The Director's office was large enough for conferences. Emil Jacobs had come to the Bureau after a distinguished career as a United States Attorney in Chicago, and to take this job he'd declined a seat on the U.S. Circuit Court of Appeals there. It went without saying that he could have held a partner's chair in any criminal-law firm in America, but from the day he'd passed the bar exam, Emil Jacobs had dedicated his life to putting criminals in jail. Part of that resulted from the fact that his father had suffered during the beer wars of Prohibition. Jacobs never forgot the scars his father bore for once having talked back to a South Side Gang enforcer. A small man, like his father, Emil Jacobs viewed his mission in life as protecting the weak from the evil.

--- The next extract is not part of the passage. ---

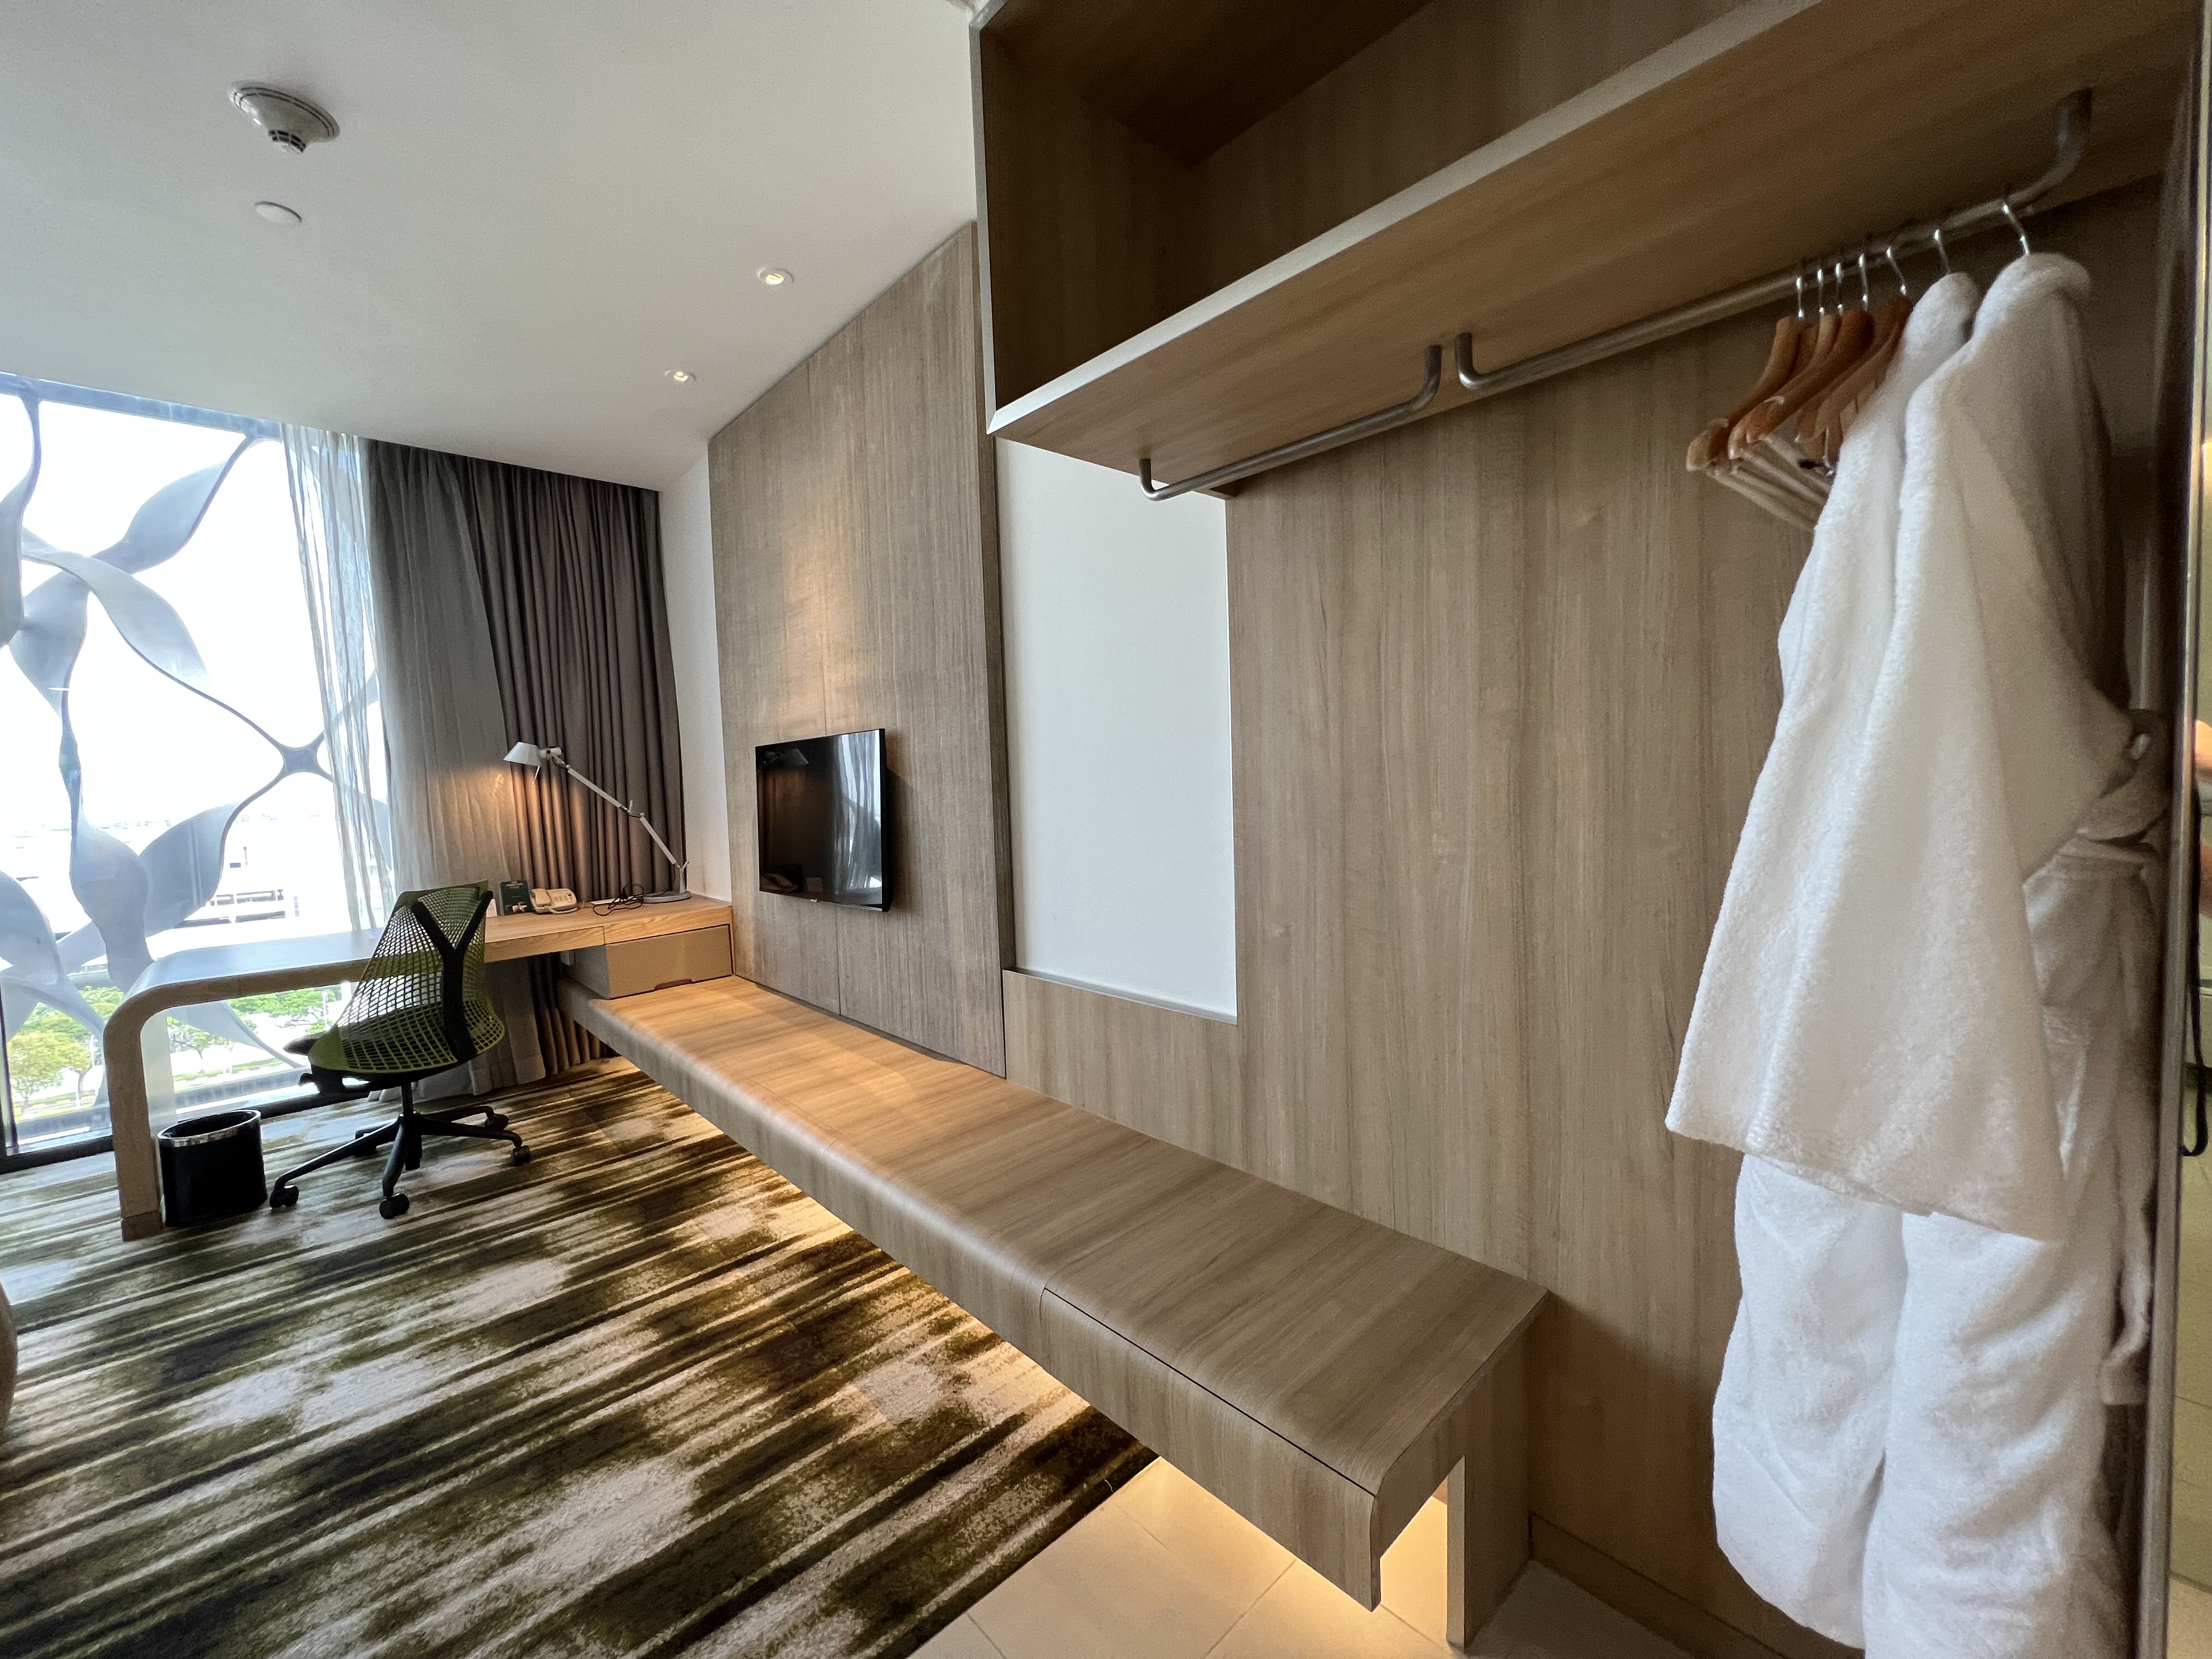 a room with a tv and a white robe on a rack

He pursued that mission with a religious fervor that hid behind a brilliant analytical mind. A rare Jew in a largely Irish-Catholic agency, he'd been made an honorary member of seventeen Hibernian lodges. While J. Edgar Hoover had been known in the field as "Director Hoover," to the current crop of agents, Director Jacobs was "Emil."

"Your dad worked for me once," Jacobs said as he extended his hand to Agent Bright. "He's down on Marathon Key, isn't he? Still fishing for tarpon?"

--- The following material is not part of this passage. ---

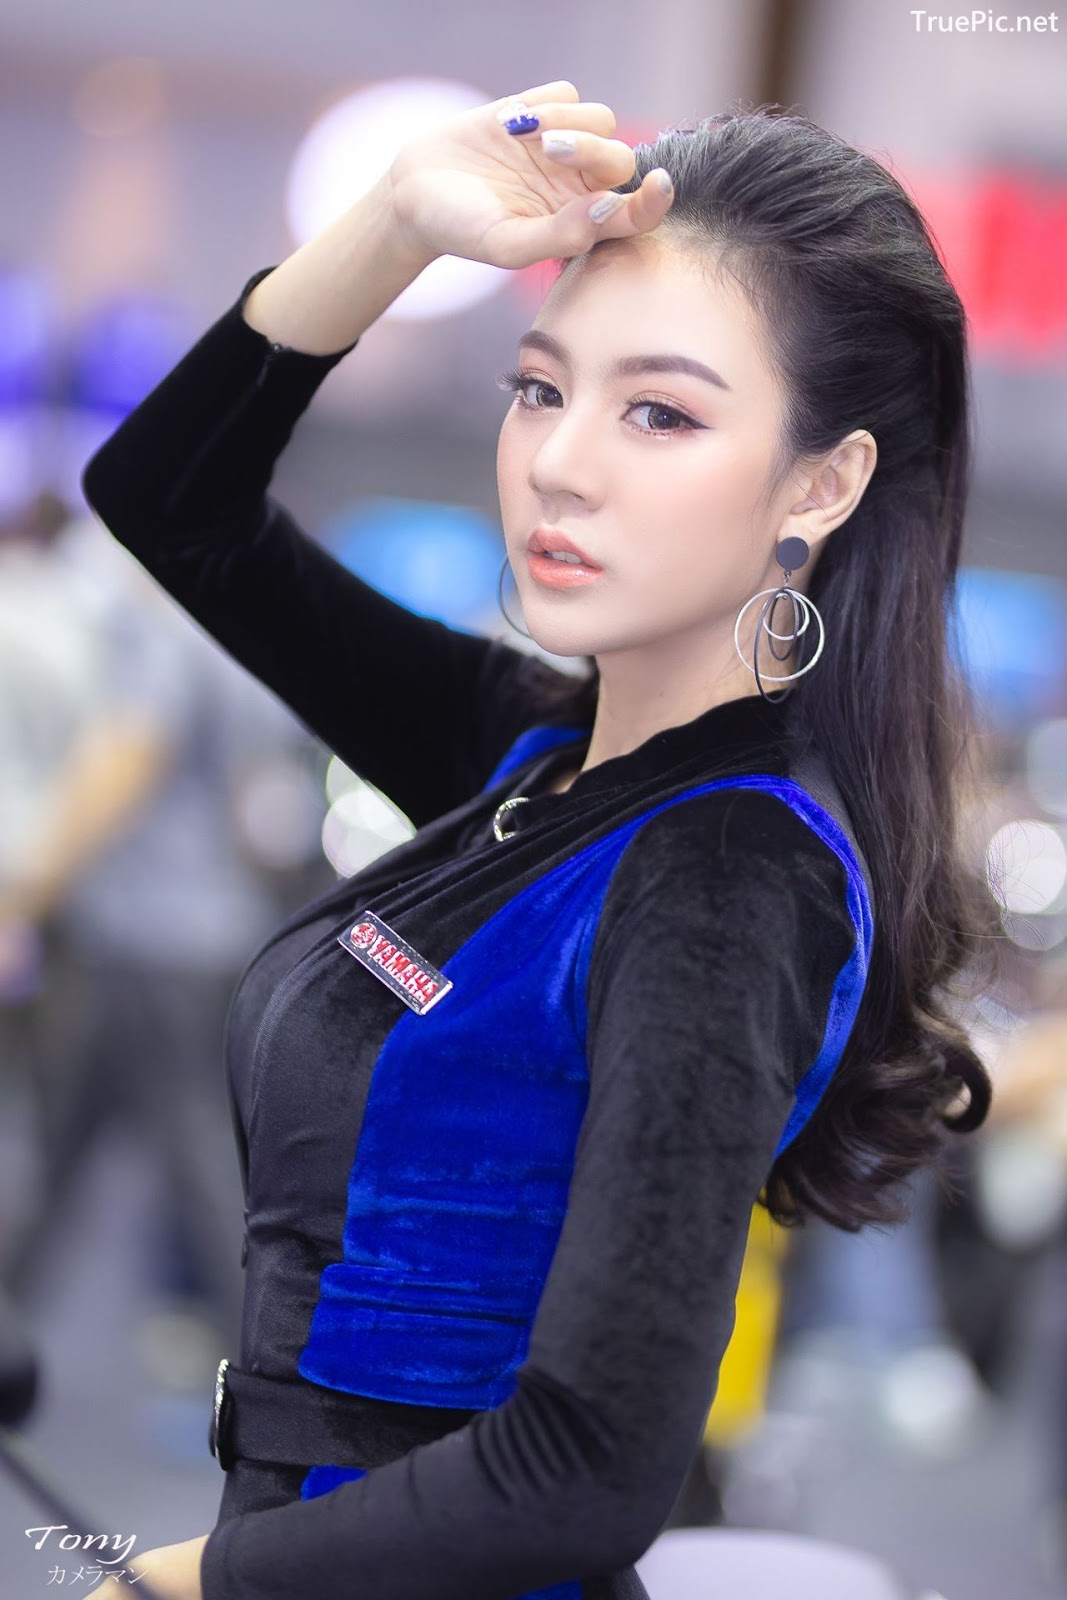 Image-Thailand-Hot-Model-Thai-Racing-Girl-At-Motor-Expo-2018-TruePic.net- Picture-41

"Yes, sir. How'd you know?"

"Every year he sends me a Chanukah card." Jacobs laughed. "It's a long story. I'm surprised he hasn't told you that one. So what's the story?"

Bright sat down and opened his briefcase, handing out the bound copies of his documents. He started talking, awkwardly at first, but in ten minutes he was fully warmed to the subject. Jacobs was flipping rapidly through the binder, but didn't miss a spoken word.